I’m familiar with anxiety’s hold on the imagination; my mind is always writing the script to the next worst day of my life. It’s already embraced all possibilities of failure. And my anxiety’s ruthless demands for perfection often turn my thoughts into an unrelenting roll-call of self-criticisms and insecurities.

And yet — Anxiety isn’t the villain of this movie.

In fact, I was surprised to empathize with this orange personification of my worst enemy. In a scene late in the movie, Anxiety has completely spun out of control — she’s transformed into a violent whirlwind, but she’s also standing frozen, crying, in the eye of the storm.

I know what it means to feel like you’re moving at two different speeds — when my body feels inert with fear while my thoughts pingpong in every direction, or when my body restlessly shakes and fidgets as my mind is drawn into a quicksand of slowly, steadily descending concerns.

“I don’t know how to stop Anxiety,” a dejected Joy, voiced by Amy Poehler, says at one point in the movie. “Maybe that’s what happens when you grow up — you feel less joy.”

Joy’s words decimated me. For years my therapist has warned me against allowing my anxiety to steal my capacity for joy. I’m infamous for letting hypothetical losses and mishaps suck the air out of me — times when the smallest thing sends me hyperventilating into an office bathroom stall or retreating into myself, like Riley in the penalty box during her hockey game.

I wondered whether Joy’s statement meant that for an adult with a chronic anxiety disorder, happiness is that much further out of reach. If Riley is experiencing anxiety for the first time, centered around this specific situation, then what does that mean for a person like me, whose anxiety has been a loud and loyal companion, in some form, for almost as long as I can remember?

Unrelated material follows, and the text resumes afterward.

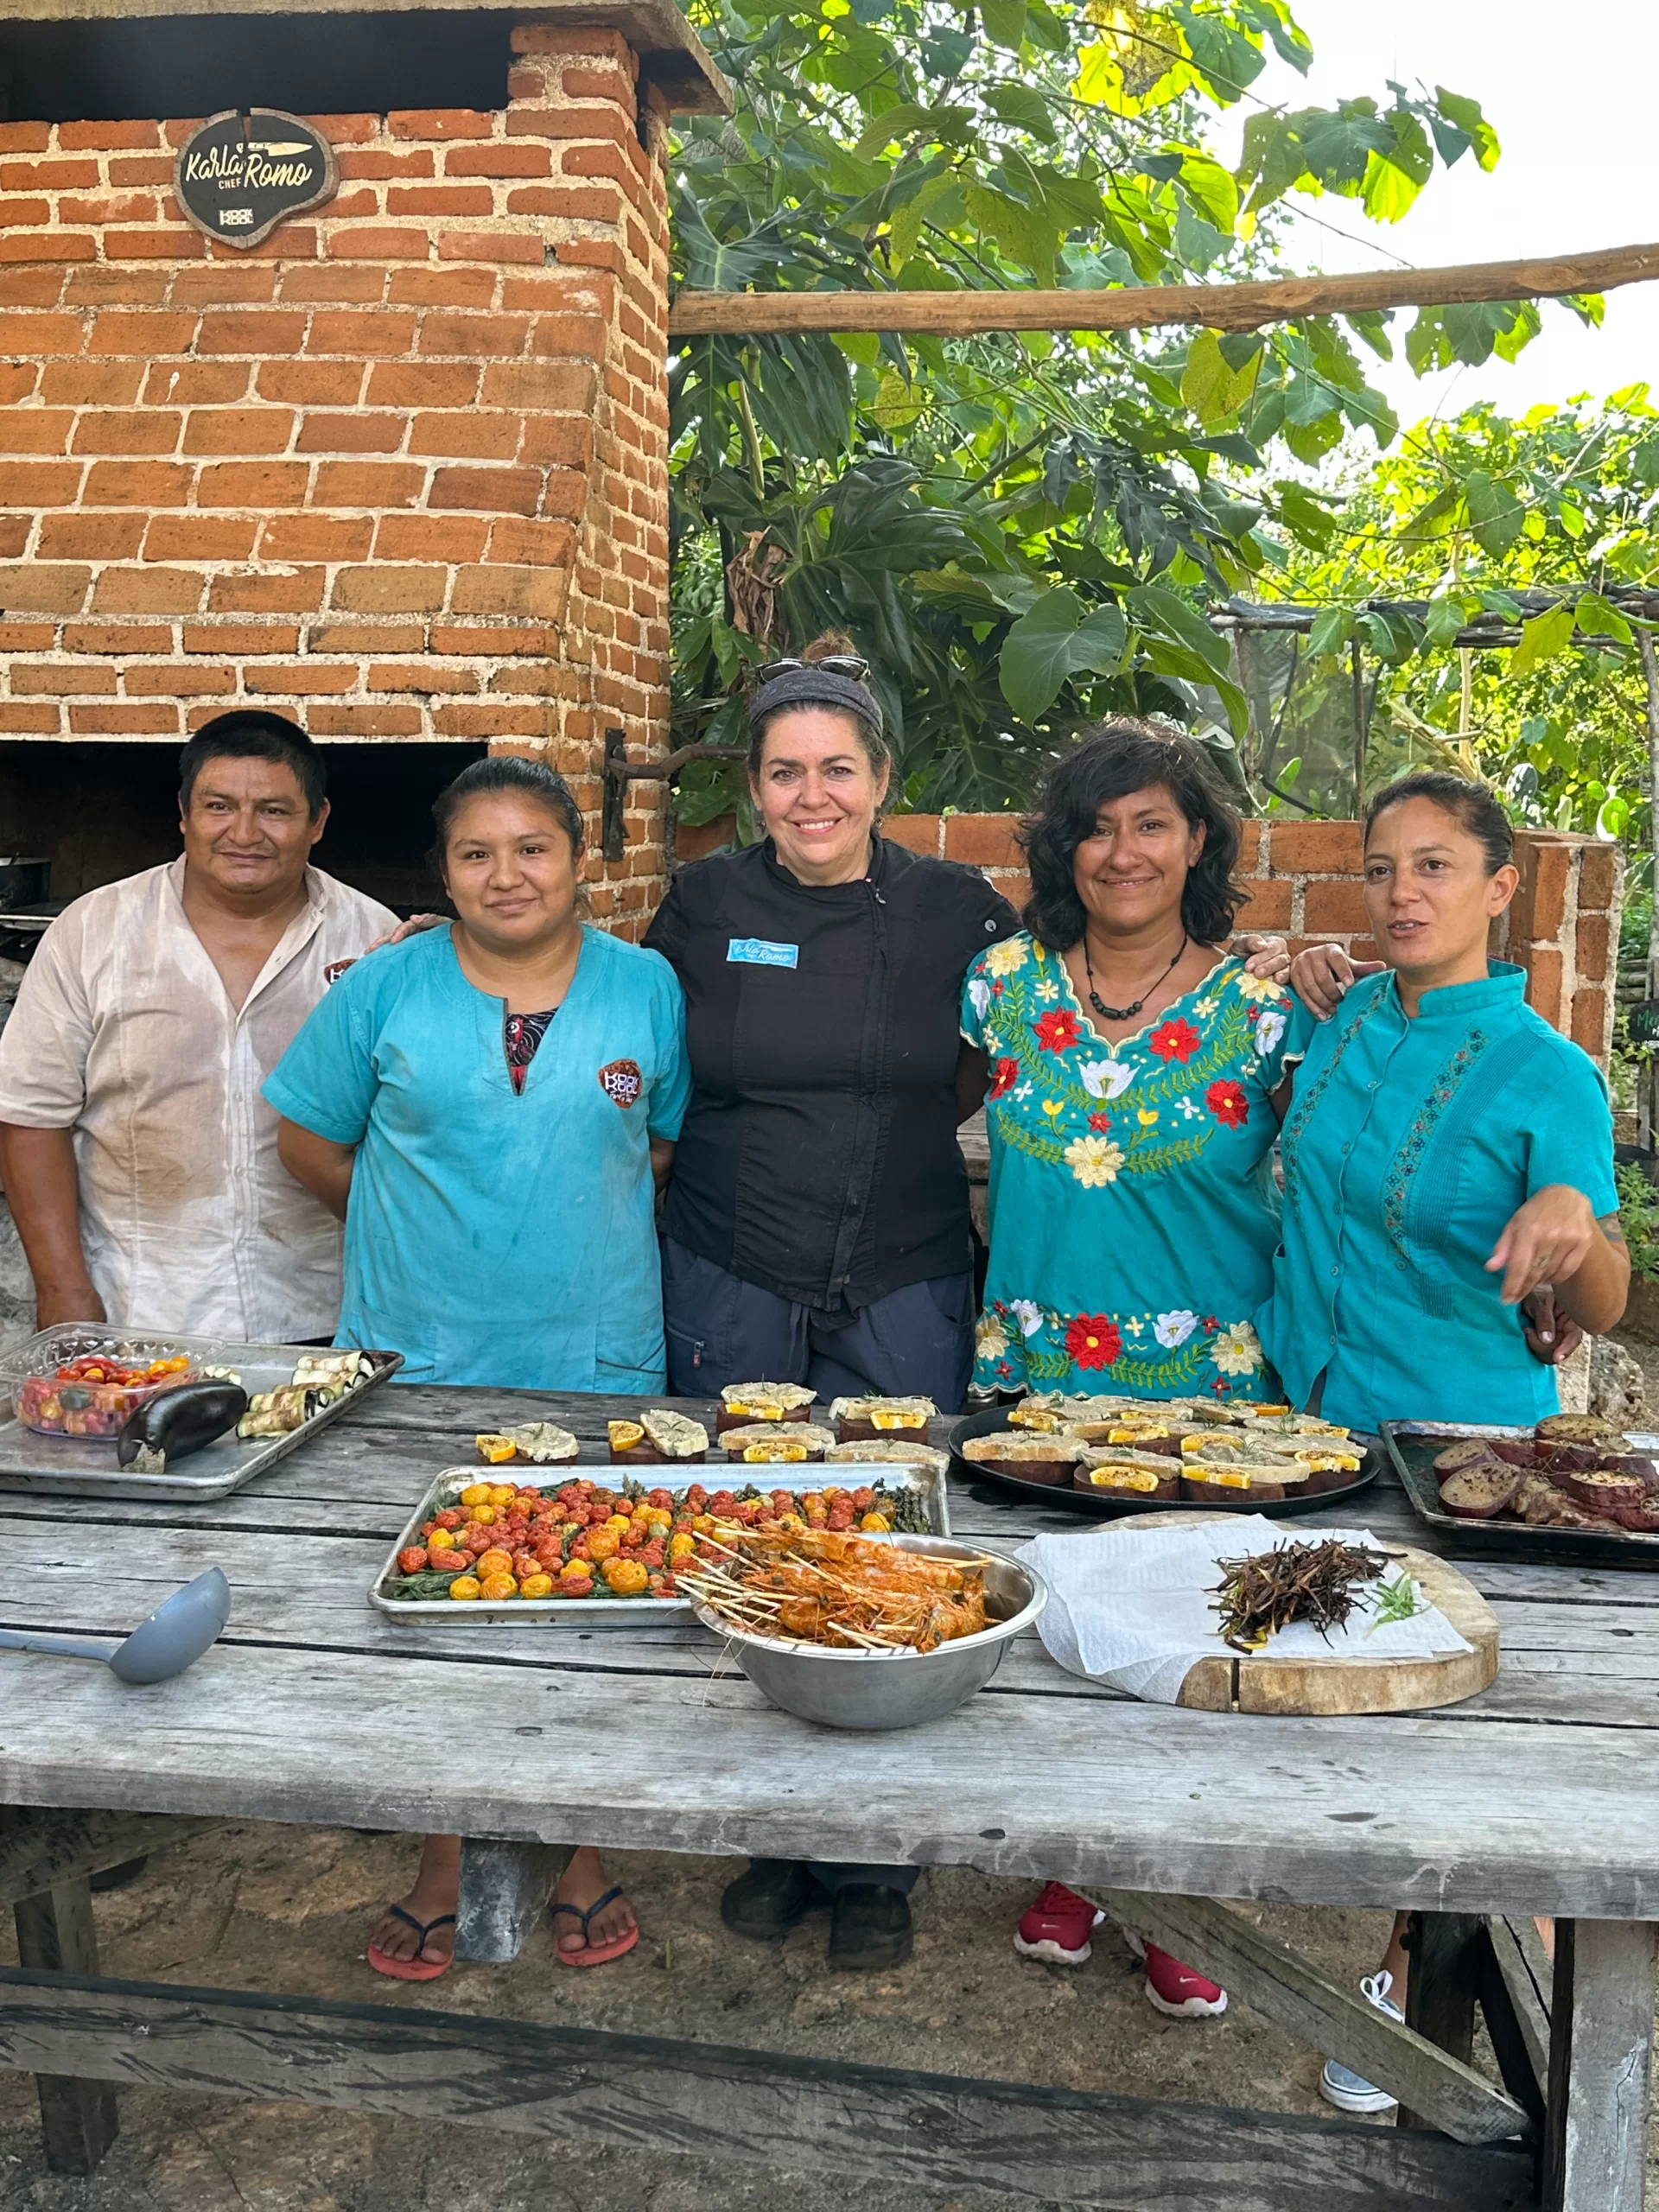 Chef Karla Romo and three women and one man on her team at KIK.

Riley gets an ending where her Anxiety is delicately coaxed to the side. Joy recovers the controls from Anxiety and comforts her. Later, in a stressful moment, Anxiety pipes up to offer her concerns, and Joy thanks her while sitting her down in a cozy recliner with a cup of tea.

I didn’t have a word for my anxiety when I was younger, and wasn’t diagnosed with an anxiety disorder until my 20s. So in watching “Inside Out 2,” I wondered whether the film was speaking chiefly to an older demographic — teens and adults who have already found themselves trapped in anxiety’s domain, who have experienced adulthood as a time given more to worry than to joy.

Perhaps “Inside Out 2” is providing children with a peek into the future, not as a prophecy of doom but as a route to understanding an emotion that has become more recognizable and prevalent in people of all ages.

Maybe the upshot is that when young “Inside Out” fans inevitably become caught in one of those brutal storms of anxious thoughts, they can then summon a clear image of the chaos of their mind, as though it’s a bright, colorful Pixar film. Maybe then they can recognize that orange bearer of dreadful tidings and gently guide her to a seat.